In the Diamond Light of an Evening’s Dream by Phyllis Bramson, 2002.

“Phyllis Bramson is about four-foot-something. She’s in her 70s and just a wonderful, charming person. Her father used to get these mysterious Chinese calendars in the mail and he had a lot of those pens where, when you turn them upside down, the woman inside undresses. Phyllis has the most wonderful sense of erotic broadness and joy for life in her paintings. It’s not bold or in-your-face, but it’s fun, lush and textured, with a strong female energy.”


Collages by Guy Maddin, 2007–2010.

“When Guy Maddin’s grandmother was sick in the hospital, he visited her. Then the nurses wheeled in a semi-clad young woman, fresh from a car accident. So, when he made this piece, Guy was dealing with the grief of his grandmother passing away, but also the sexual stirrings of seeing this young woman. I’ll never forget having Guy explain that moment when he visited my house. As he was telling the story, my cat was lying on the couch near us. Guy quipped, ‘Your cat looks like it’s been de-boned.'”

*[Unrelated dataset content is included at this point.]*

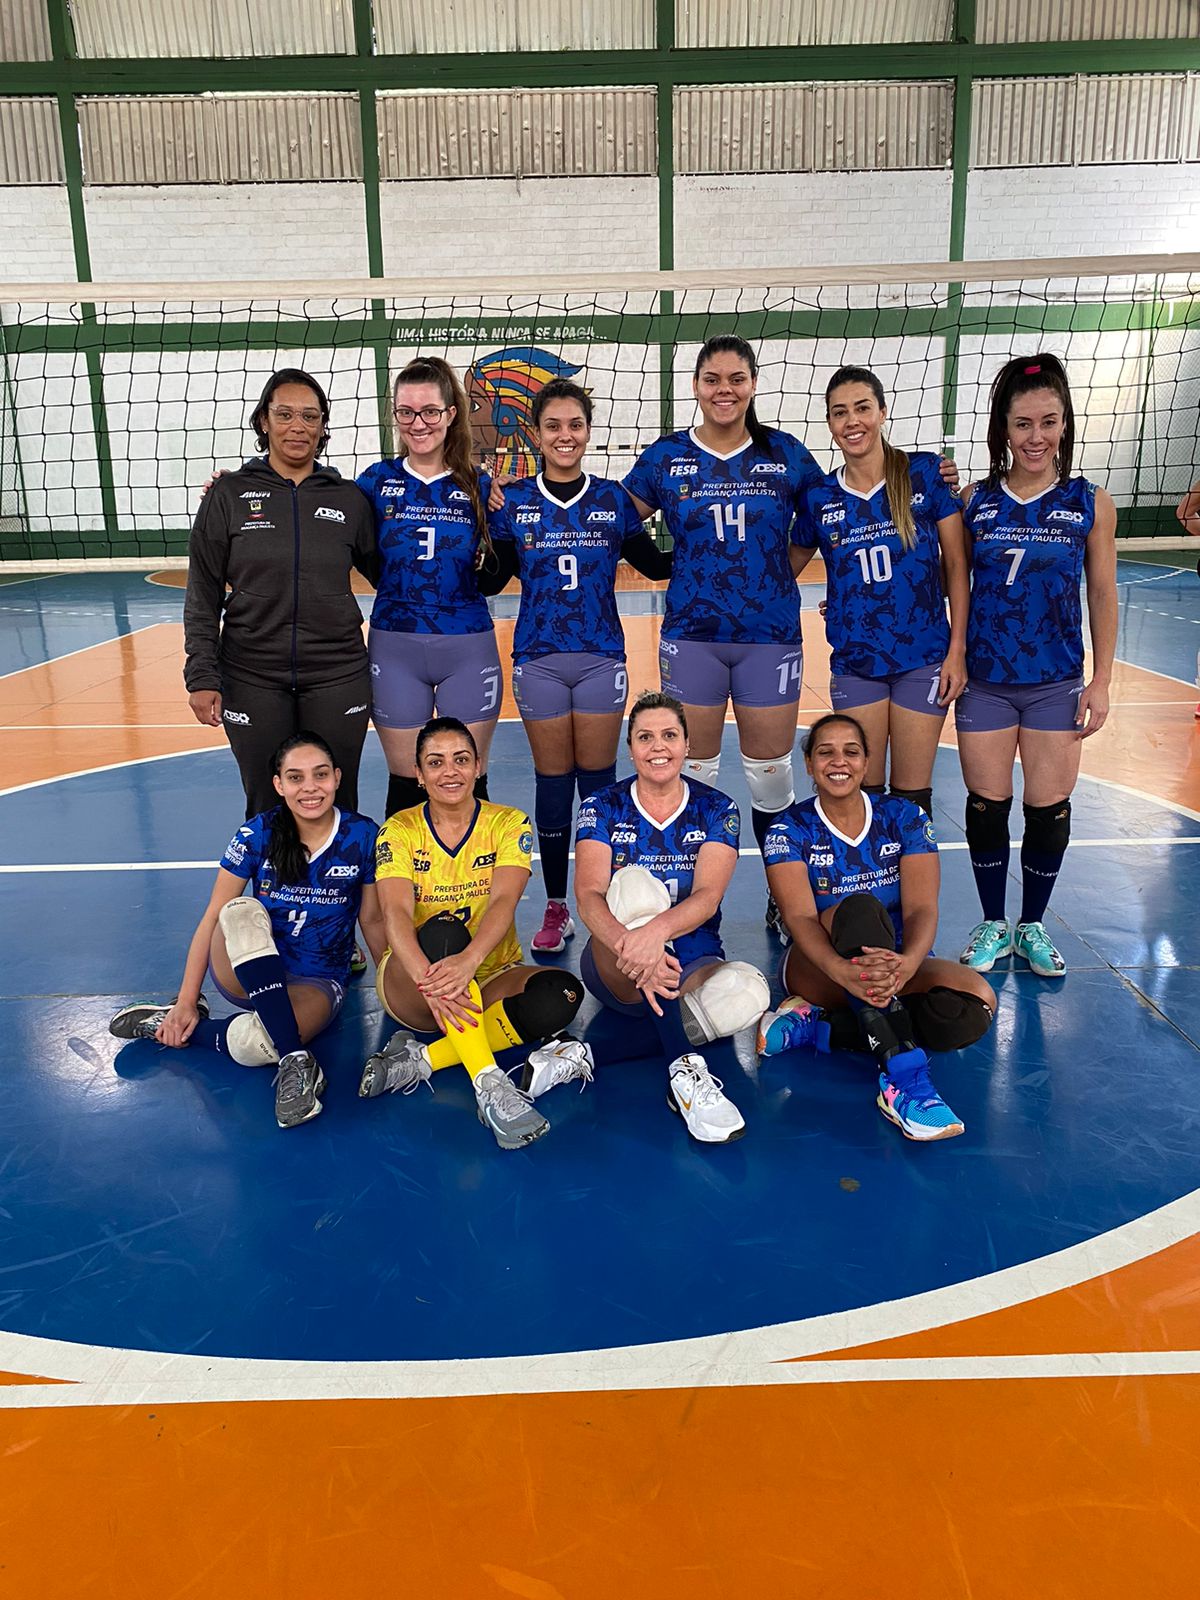 Equipe de vôlei feminino de Bragança Paulista participa da XXII Copa  Itatiba Regional de Voleibol - Prefeitura de Bragança Paulista

Argentina #9 by Jack Burman, 2001.

“If I could, I’d have a house full of Jack Burman’s work. This piece disturbed me, but it’s still beautiful. It’s a face of young woman who’s just died, and there’s a look of ecstasy attached to death. I bought it when my children were quite young, and I said to them, ‘Are you okay with photographs of dead people? Because daddy just bought some.’ And they said, ‘Yes, yes.’ When I showed them the piece, I realized I had forgotten to tell them the people are decapitated. For the longest time, this work was really hidden.”


A Fine Line Arnaud #5 by Spring Hurlbut, 2016.

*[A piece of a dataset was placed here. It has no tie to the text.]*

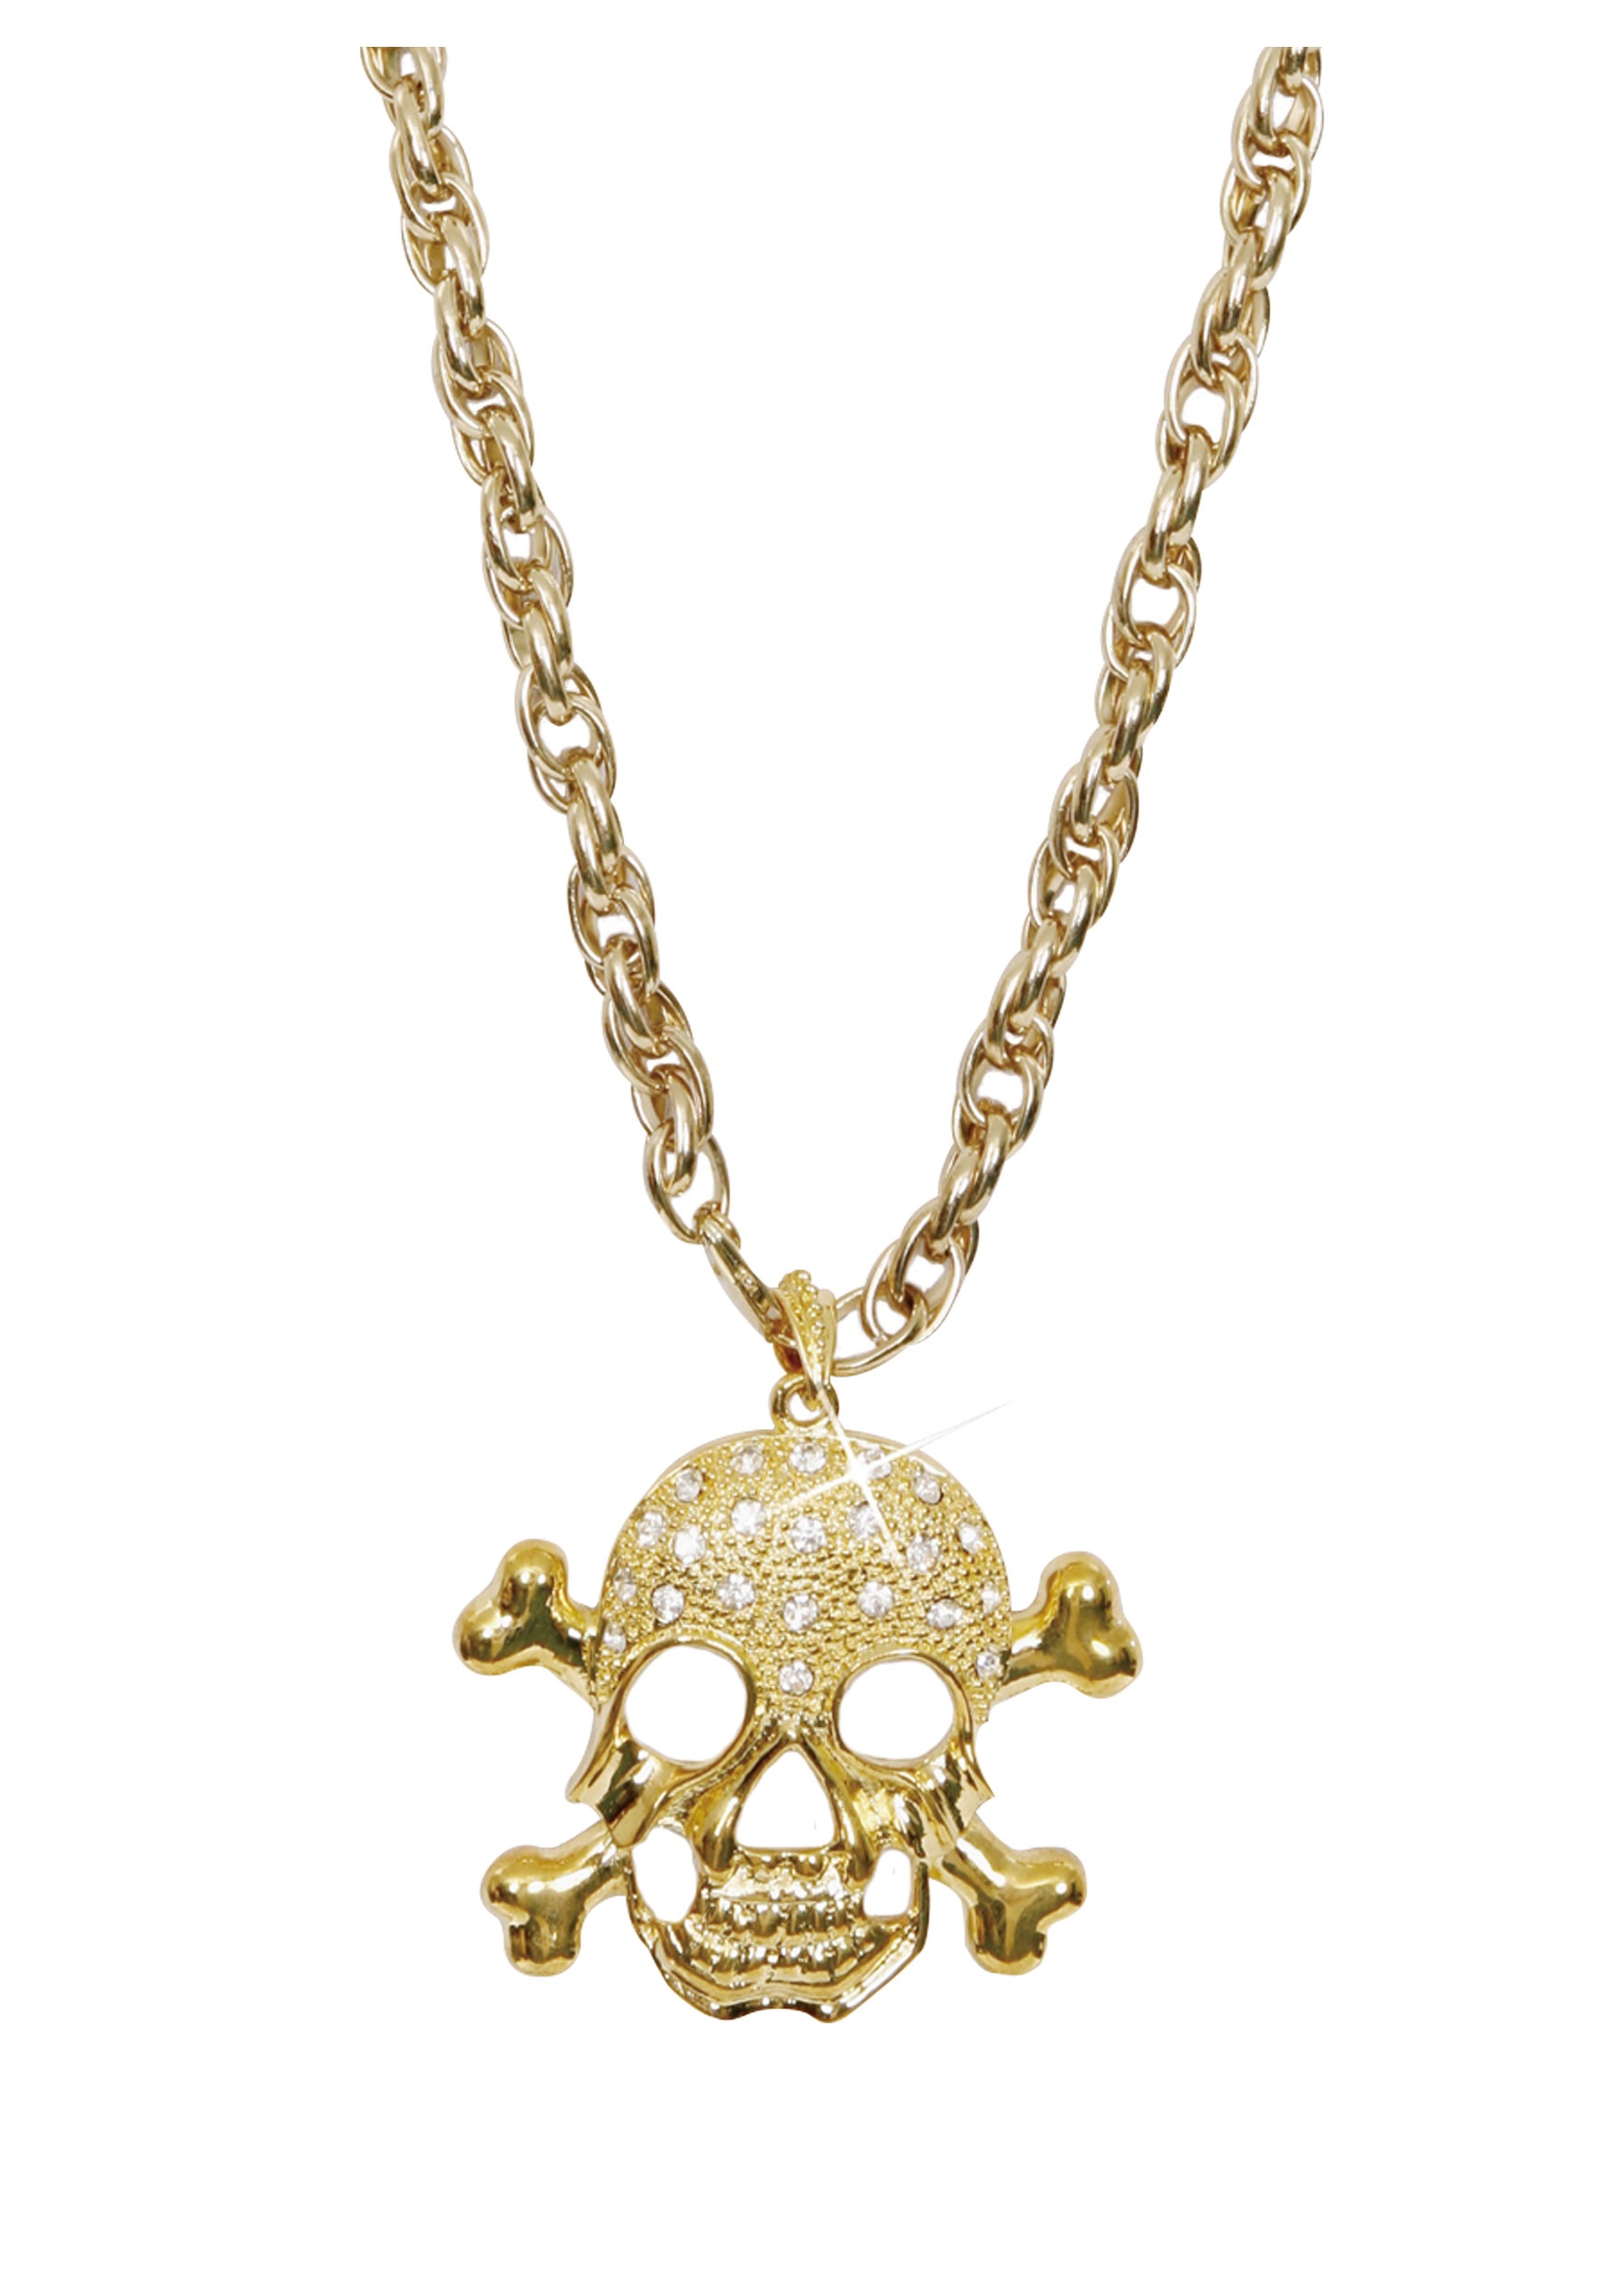 Gold Pirate Necklace | Pirate Accessories & Jewelry

“Spring Hurlbut was married to Arnaud Maggs. After he died, she was left with his ashes and made a series with them. I love this one in particular because it’s ‘planeterial’ and has those lines. Arnaud was well known for his lines, symmetry and the thought process that went into his work. I haven’t found a place to hang it yet, but that’s fine right now: the pieces I love the most are the ones I want to see the most. As for the balls, baseball is my passion. I have more than 300 balls, and my son has more than 200 in his collection. All are signed.”

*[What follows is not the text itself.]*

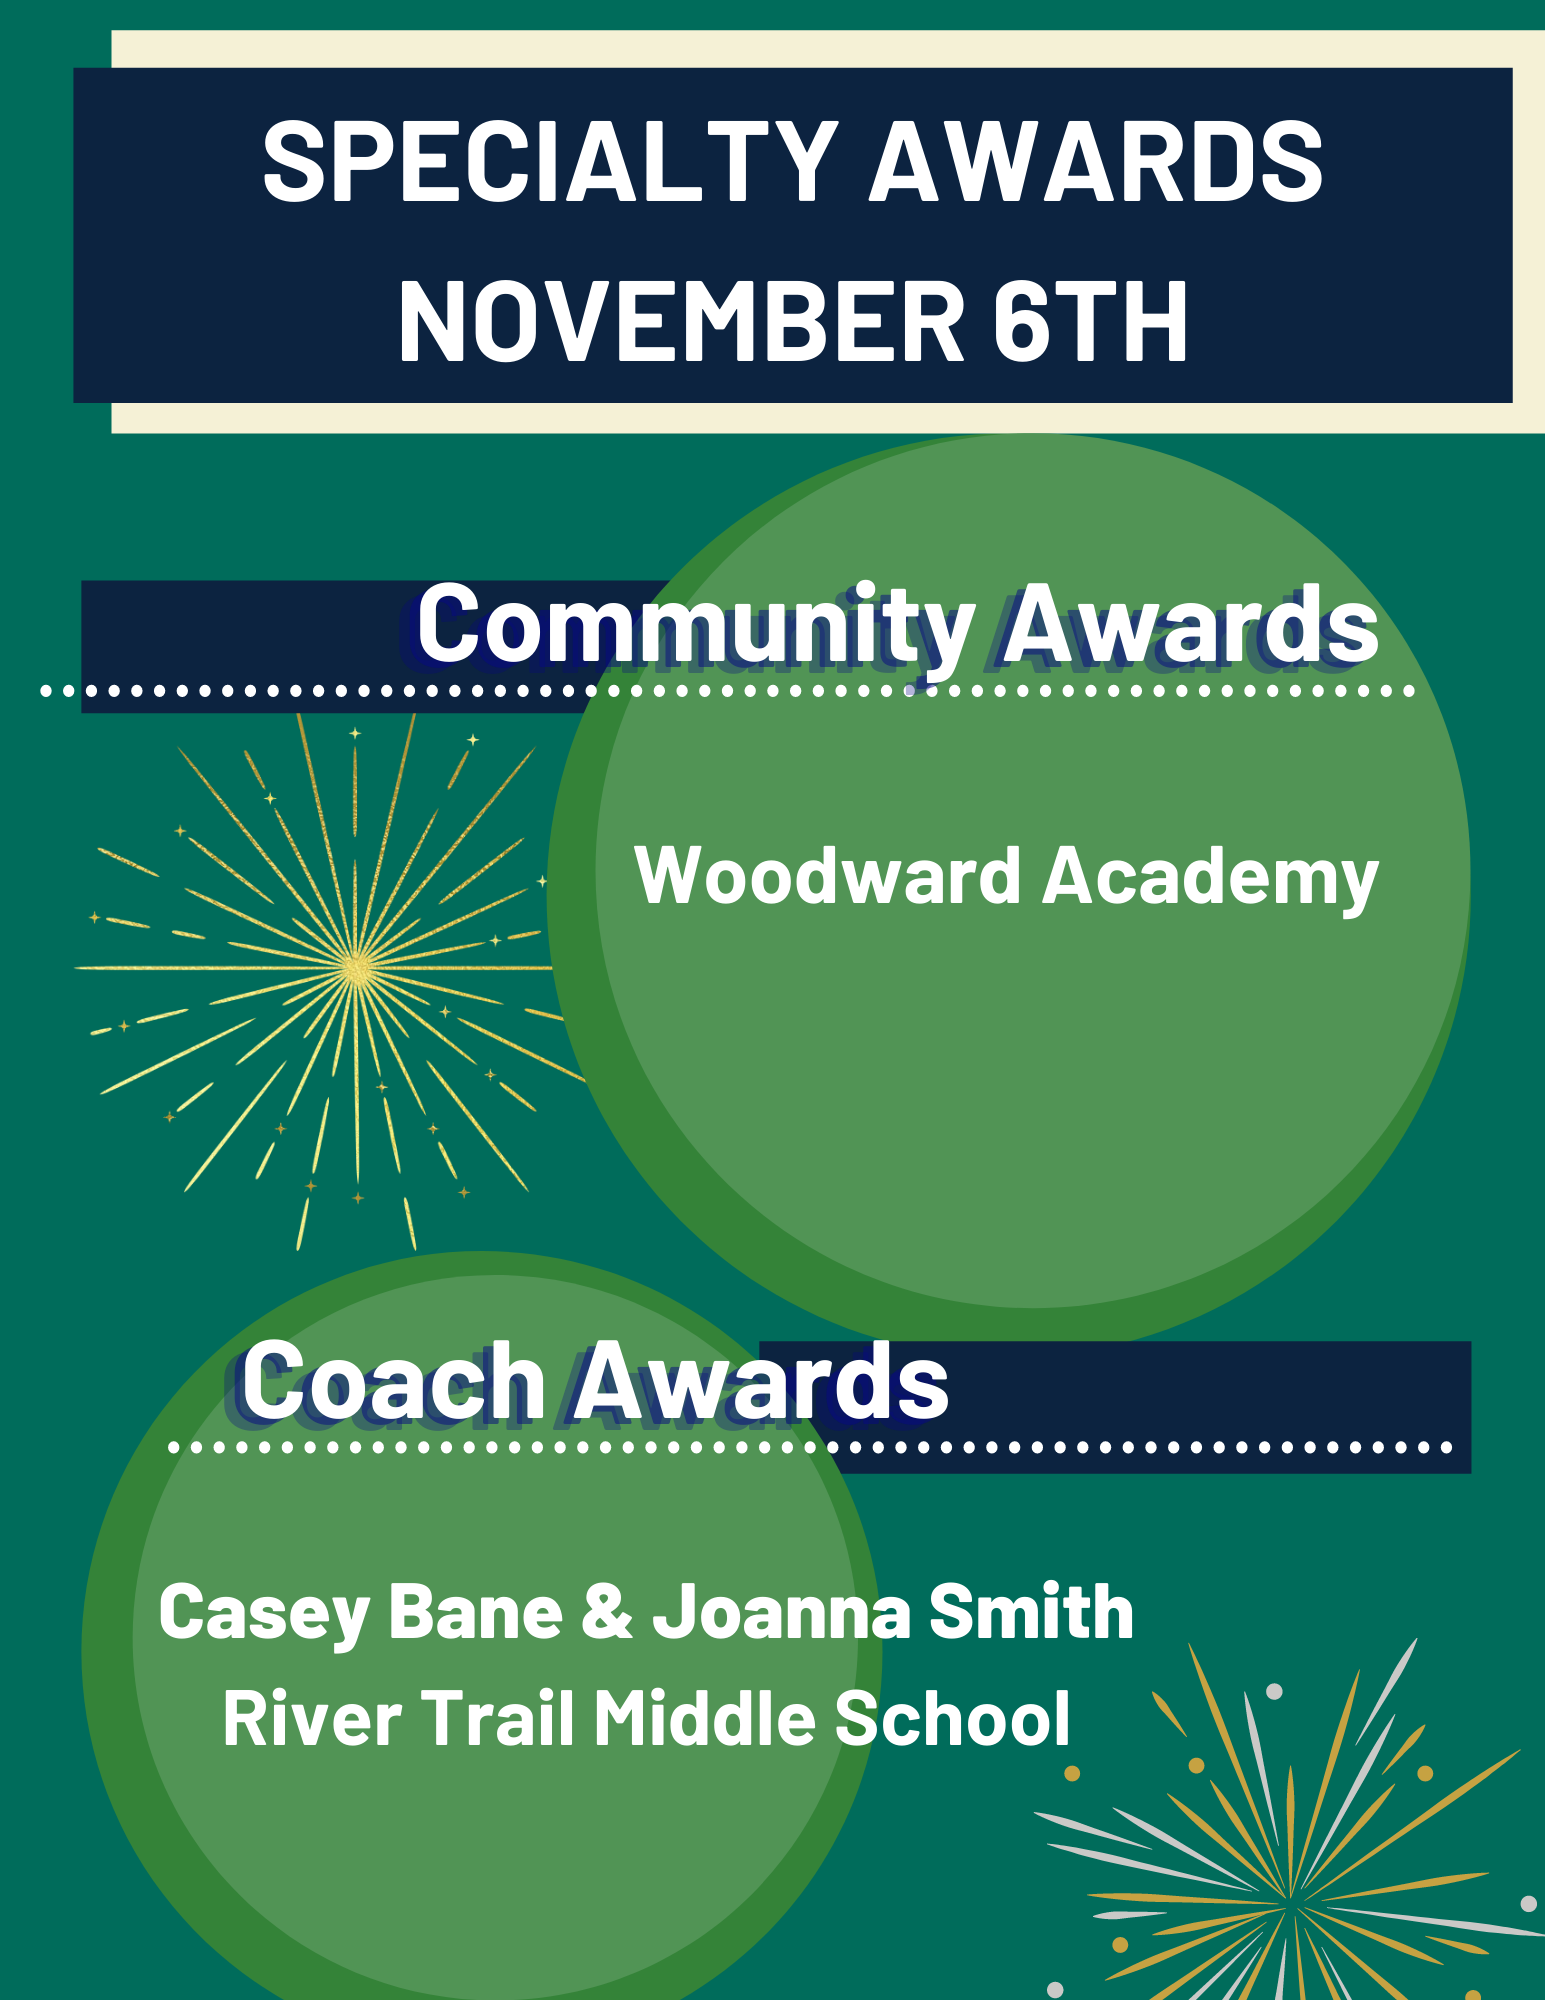 November Specialty Awards (8.5 x 11 in).png

A baseball painted by George Sosnak.

“The first time I saw a Sosnak, I fell in love. I have 24 of these balls now. The detail is very much like a Joe Coleman painting, but it’s all about baseball. He writes about games on the balls themselves. He may have painted 500 to 800 baseballs, but not all are complete. There’s a whole hierarchy of what makes a Sosnak ball a good Sosnak ball, from the number of panels painted to how well the colours have stayed. I co-administer a Sosnak fan club page on Facebook, and the guy who created it, a lawyer based out of Virginia, is on the hunt for the holy grail of Sosnak balls: a really artistic ball depicting the the best players, like a Babe Ruth, that’s also full-panel and deep-coloured. Because so much of his work is undocumented, each new find leads to a small frenzy among collectors.”